Monday, June 11, 2012

Shower: A Blessing

One of the many, many things we take for granted these days is the ability to take a shower. Or a daily bath. Try to imagine your life without these amenities.

No big deal, you may think. One can wash in the sink, do a sponge bath, use plenty of deodorant and change clothes several times a day.
Yes, but how long will that be effective for the personal hygienic standards we have for ourselves?  How long before you just feel that these makeshift measures are overwhelmingly inadequate?
Because they are indeed inadequate in the long run.

My bathroom is being remodeled. Actually, the floor is being replaced. Everything had to be taken out, and new floor joists put in, which means the foundation had to be adjusted or braced in a couple of places. Nothing is being done quickly, all is being done thoroughly. In the meantime, the only source of water to eash with is the kitchen sink.

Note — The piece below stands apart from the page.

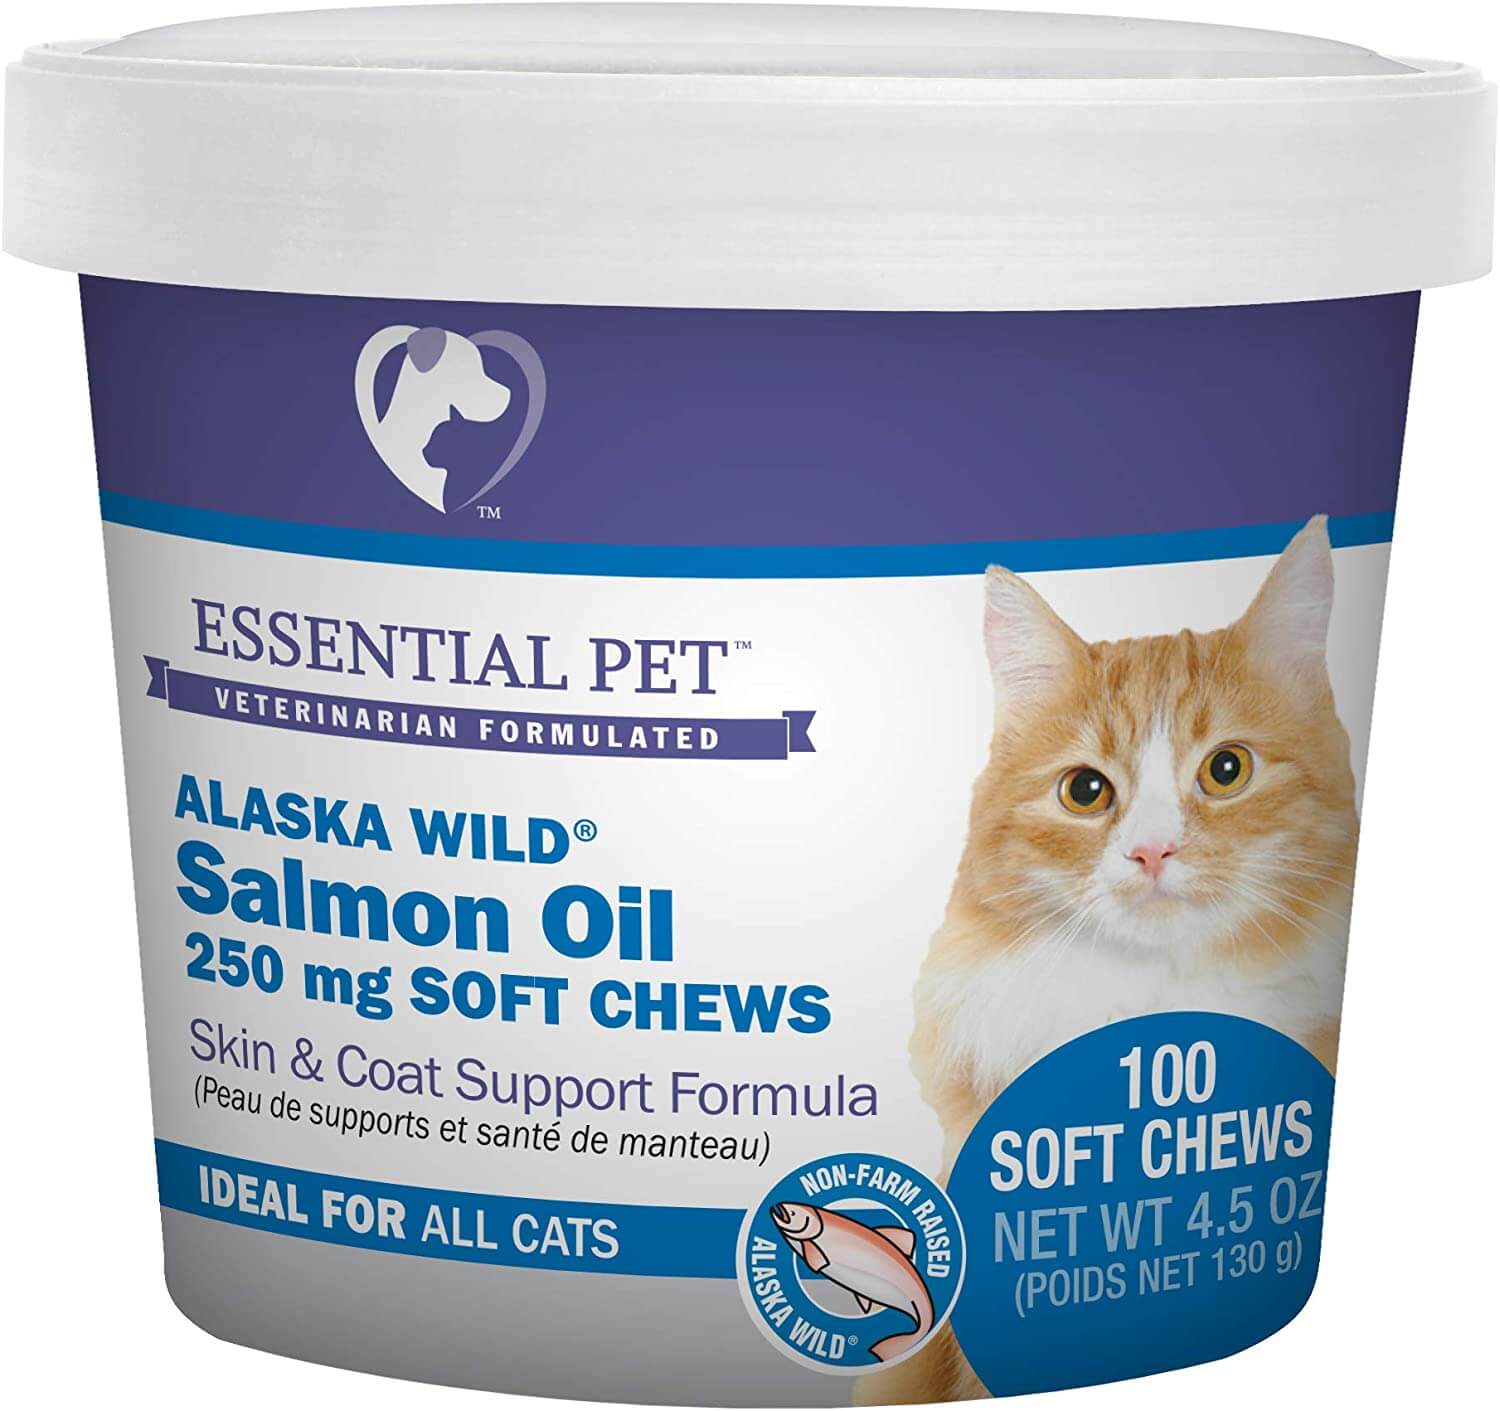 Essential Pet Alaska Wild Salmon Oil Soft Chews

To make it worse, I live in town, with house to the right of me, house to the left of me, houses behind me. There is really little expectation of privacy, even with blankets covering the windows and all the doors locked. One doesn't linger over ablutions in those circumstances.
Can't even put up a camp shower because of too-close neighbors and too many out of school children. They like to inspect and question and look.

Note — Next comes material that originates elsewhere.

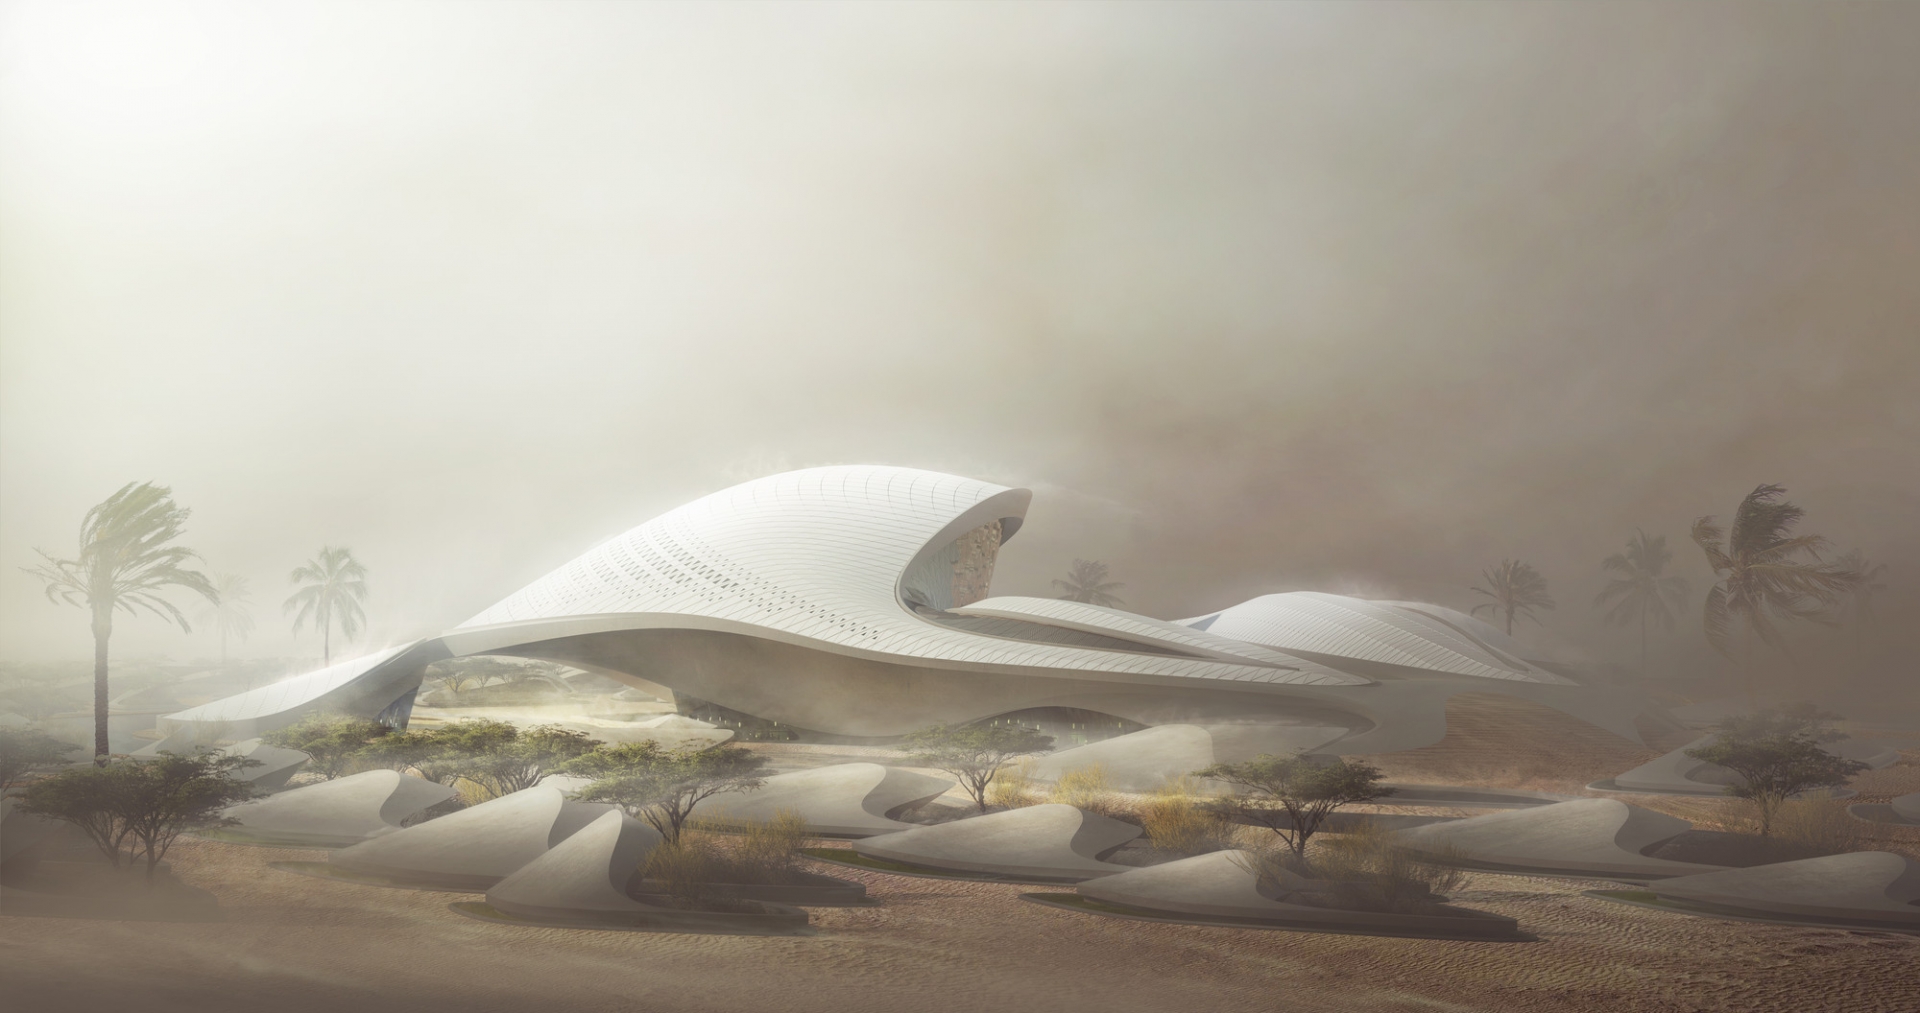 Tòa nhà tuyệt đẹp lấy cảm hứng từ cồn cát rực rỡ trong nắng sa mạc Trung Đông - Ảnh 3

I never thought I was a person overly concerned with bathing. All the years I worked in fast food ingrained some things more deeply than I knew. One of those things was bathing regularly.

I'm embarrassed.
I don't want to go out.

My baby-est brother (they are all younger than me) is getting married this weekend. One of the reasons I'm not going is because I don't want to embarrass him (them) by being the most malodorous guest, These days I not only look like an elephant, I feel that I am beginning to smell like one.
I picture myself as Pigpen, with clouds of body-stink emanating from me, instead of good clean dirt.

Now, I know some of this may be exaggerated, but I've had persistent body-odor issues in my life. And I just plain don't, can't,  feel clean.

So, don't take your shower for granted. Hug it, kiss it, thank god for it. Add it to your list of things third world people would like to have, like broccoli. Microwaveable broccoli. Bathe with indulgence, just that you have water and soap, and more water to remove the soap, all the soap.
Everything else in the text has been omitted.